Mit dieser Referentin hatten die Veranstalterinnen eine wirklich hochkarätige Fachfrau zu Fragen der Vereinbarkeit von Beruf und Familie vor dem Hintergrund gesellschaftspolitischer ökonomischer Entwicklungen eingeladen. Frau Meier-Gräwe hatte die Leitung des Lehrstuhls für Wirtschaftslehre des Privathaushalts und Familienwissenschaft an der Justus-Liebig-Universität Gießen (1994-2018) inne, war Leiterin des Kompetenzzentrums „Professionalisierung und Qualitätssicherung haushaltsnaher Dienstleistungen“ (2013-2018), Mitglied der Agenda-Gruppe des Kompetenzzentrums „Familienbezogene Leistungen“ bei Familienministerin Dr. Ursula von der Leyen (2006-2009), Mitglied der Familienpolitischen Kommission der Heinrich-Böll-Stiftung (2015-2017), externe Expertin der Gemeinschaftsinitiative EQUAL bei der Europäischen Union, Mitglied der Sachverständigenkommission zur Erstellung des Siebten Familienberichts der Bundesregierung (2004-2006) sowie des Ersten und Zweiten Gleichstellungsberichts der Bundesregierung (2011-2017). Auch über verschiedene Auszeichnungen für ihre Arbeite konnte sich Frau Meier-Gräwe in den letzten Jahren freuen.

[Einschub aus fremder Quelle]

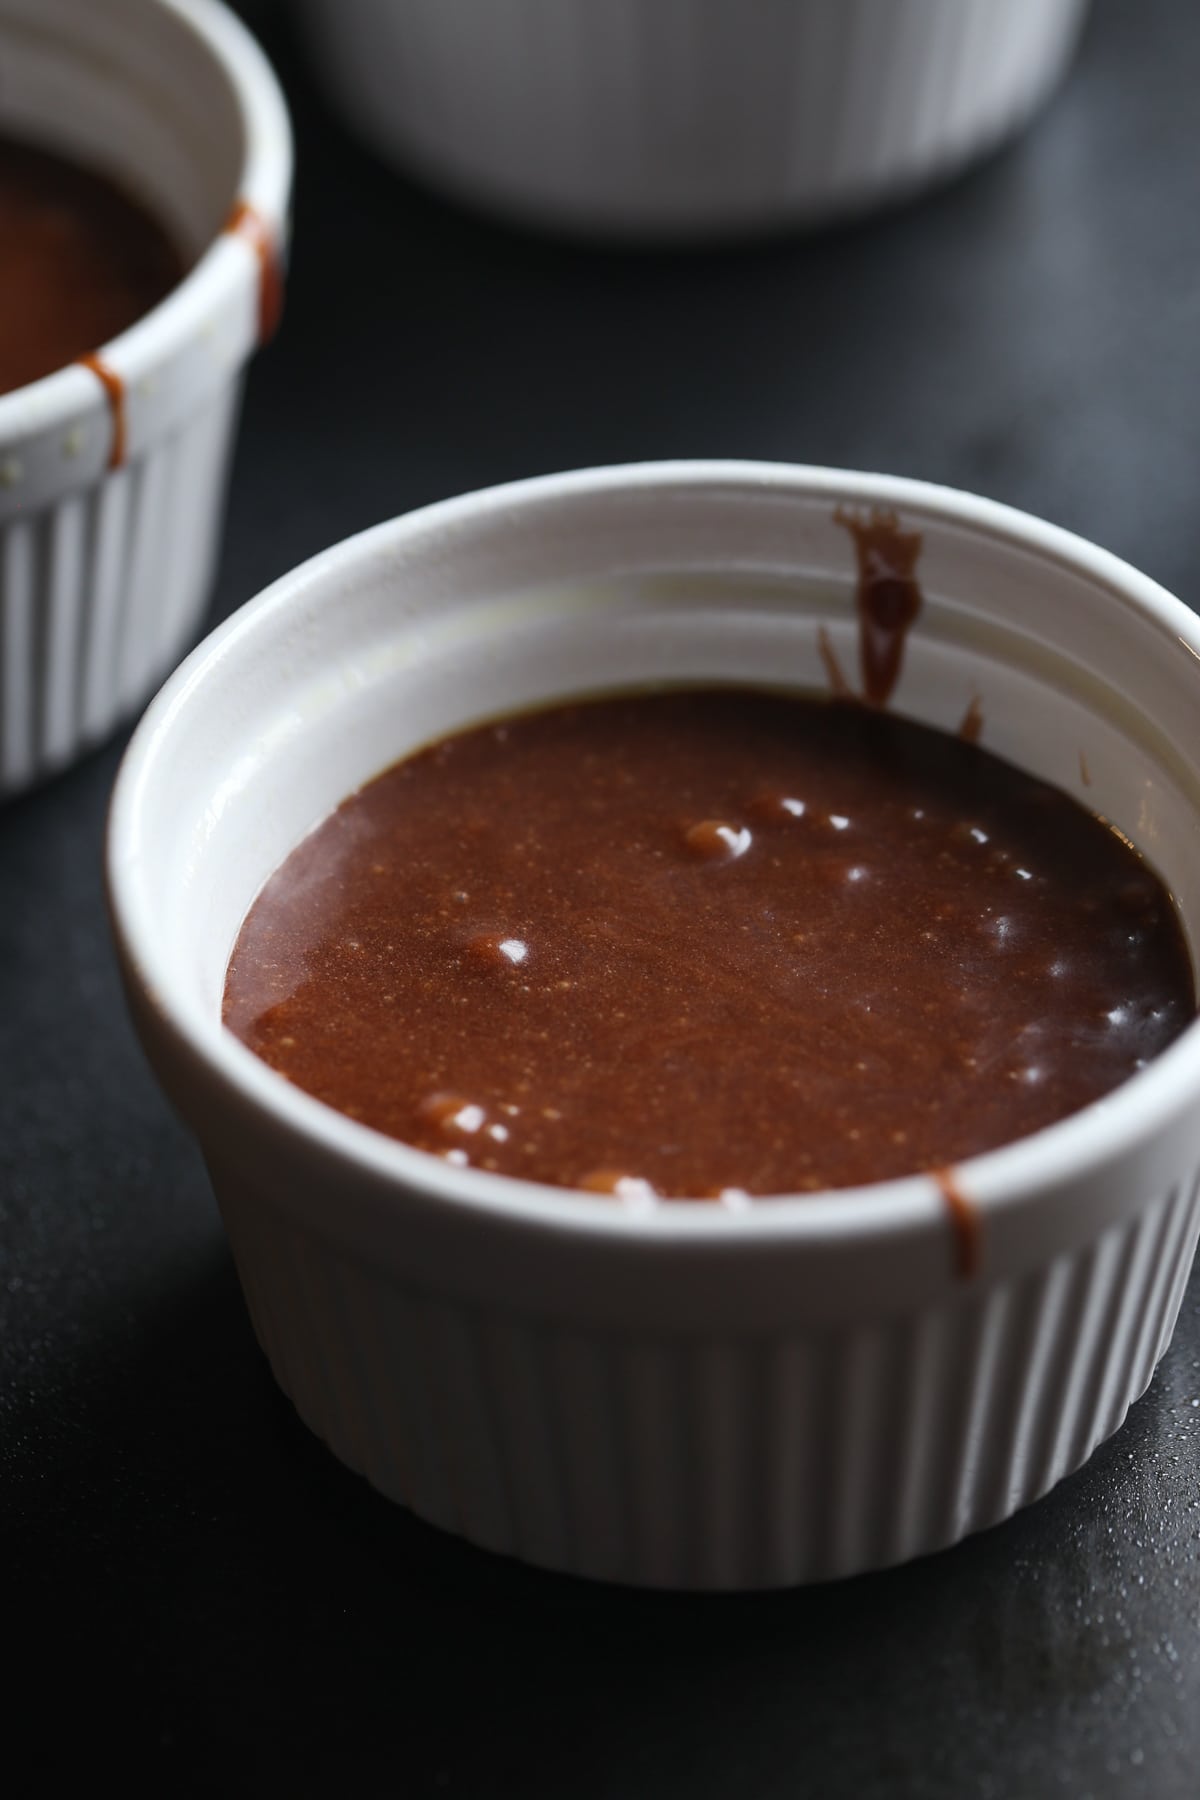 A white ramekin with chocolate cake batter inside before going into the oven.

Die Auflistung der früheren Tätigkeiten belegt eine der Kernaussagen des Abends. „Wir haben kein Erkenntnisproblem über Zusammenhänge und gute Lösungswege, sondern ein Umsetzungsproblem: die notwendigen Studien liegen alle vor, schon lange und es ändert sich nichts“, so die Referentin. Beispiele gab es an diesem Abend zuhauf. Zu Beginn der Bildungs- und Beschäftigungsphase haben 7 Prozent mehr Frauen als Männer ein Abitur oder einen Fachhochschulabschluss. Trotzdem verdienen Frauen – bezogen auf ihr Lebenserwerbseinkommen - in der Summe 45 Prozent weniger als Männer, Mütter sogar 62 Prozent weniger. Mutter zu werden wirkt sich also besonders nachteilig auf das Lebenserwerbseinkommen aus, während die Vaterschaft keinerlei Folgen für das Lebenserwerbseinkommen hat, ja im Gegenteil. Sehr oft steigern frischgebackene Väter ihre Erwerbstätigkeit „zum Wohle des Familieneinkommens“. Der Blick in andere Länder zeigt, dass es auch anders geht und Frauen dann nicht derart große finanzielle Einbußen in Kauf nehmen müssen. Vor allem in den nordischen Ländern in Europa kehrt die junge Mutter bald wieder an ihren Arbeitsplatz zurück und der junge Vater unterstützt die Haus- und Sorgearbeit mit dem Kind, indem er beruflich vorübergehend etwas kürzertritt.
In ihrem Vortrag stellte Frau Meier-Gräwe bezahlte und unbezahlte Arbeit gegenüber. Frauen arbeiten im Durchschnitt 17,22 Stunden in bezahlten Tätigkeiten, Männer 37,17 Stunden pro Woche. Umgekehrt arbeiten Frauen unbezahlt 39,5 Stunden, Männer 22,09 Stunden pro Woche.
Frauen arbeiten mehr Teilzeit oder gar in Minijobs als Männer – eine bekannte Tatsache.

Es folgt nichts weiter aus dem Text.